Brunetti, más cauto, protestó:

—Eso es una exageración.

—Quizá. Pero la gente hablaba —insistió Paola.

Brunetti, después de contradecir a su esposa una vez, juzgó más prudente callar. Además, el hambre iba en aumento, y quería su cena.

—¿Por qué no han dicho nada los periódicos? —preguntó ella bruscamente.

—Ocurrió el domingo. Yo no me había enterado hasta esta mañana y aún porque alguien vio su nombre en el informe. Lo habían pasado a la rama uniformada y se trataba como un caso de rutina.

—¿Rutina? —repitió ella con asombro—. Guido, aquí no pasan esas cosas.

Brunetti optó por no volver a hablar de progreso, y Paola, al comprender que no iba a darle más explicaciones, volvió a mirar los papeles de la mesa.

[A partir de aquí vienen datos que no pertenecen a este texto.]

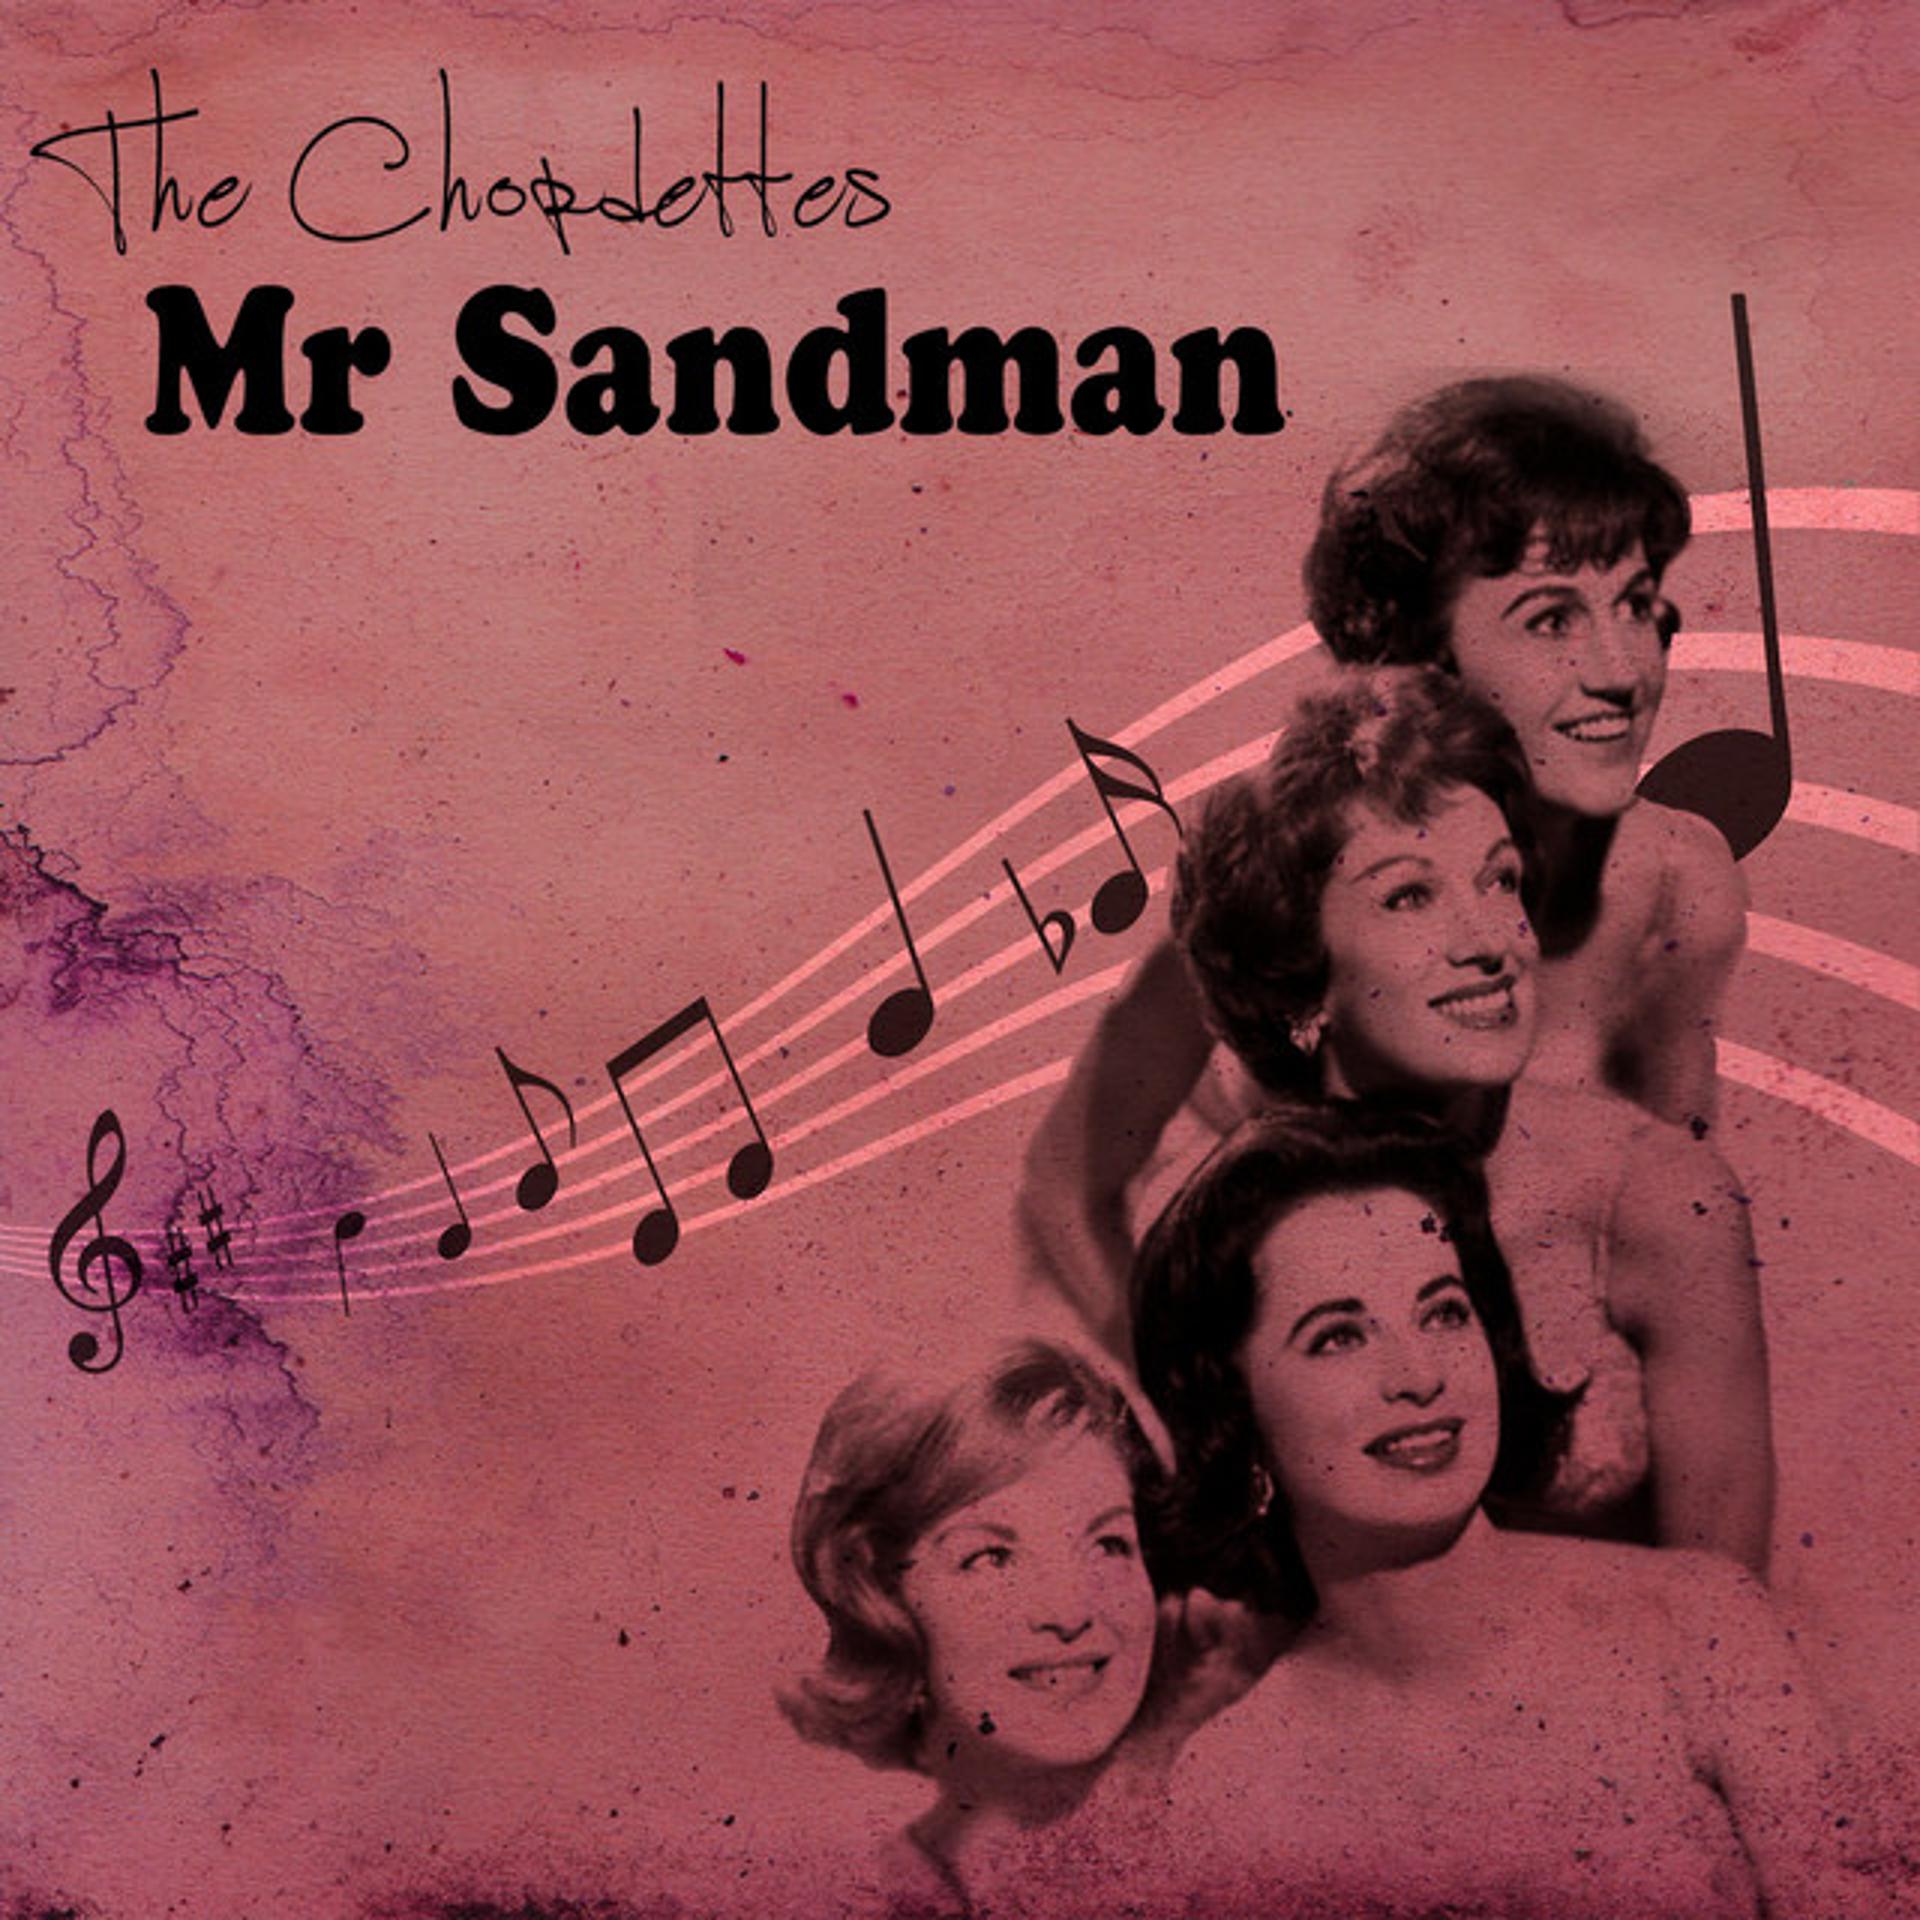 Mister sandman. Mister Sandman the Chordettes. Группа the Chordettes. Mr Sandman песня. Мистер Сэндмэн песня.

—No puedo perder más tiempo buscando eso. Tendré que pensar en otra cosa.

—¿Por qué no mientes? —sugirió Brunetti con desenfado.

Paola levantó la cabeza con un movimiento brusco para mirar a su marido:

—¿Qué quieres decir?

A él le parecía evidente.

—Piensa en un libro en el que pudiera estar y diles que está ahí.

—¿Y si han leído el libro?

—También escribió un montón de cartas, ¿no? —A Brunetti esto le constaba, ya que las cartas habían ido con ellos a París dos años antes.

—¿Y si me preguntan qué carta?

Él no se dignó responder a pregunta tan estúpida.

—A Edith Wharton, el 26 de julio de 1906 —dijo ella de inmediato, y Brunetti reconoció en su voz aquella nota de absoluta certeza en que ella se apoyaba para proferir sus invenciones más descabelladas.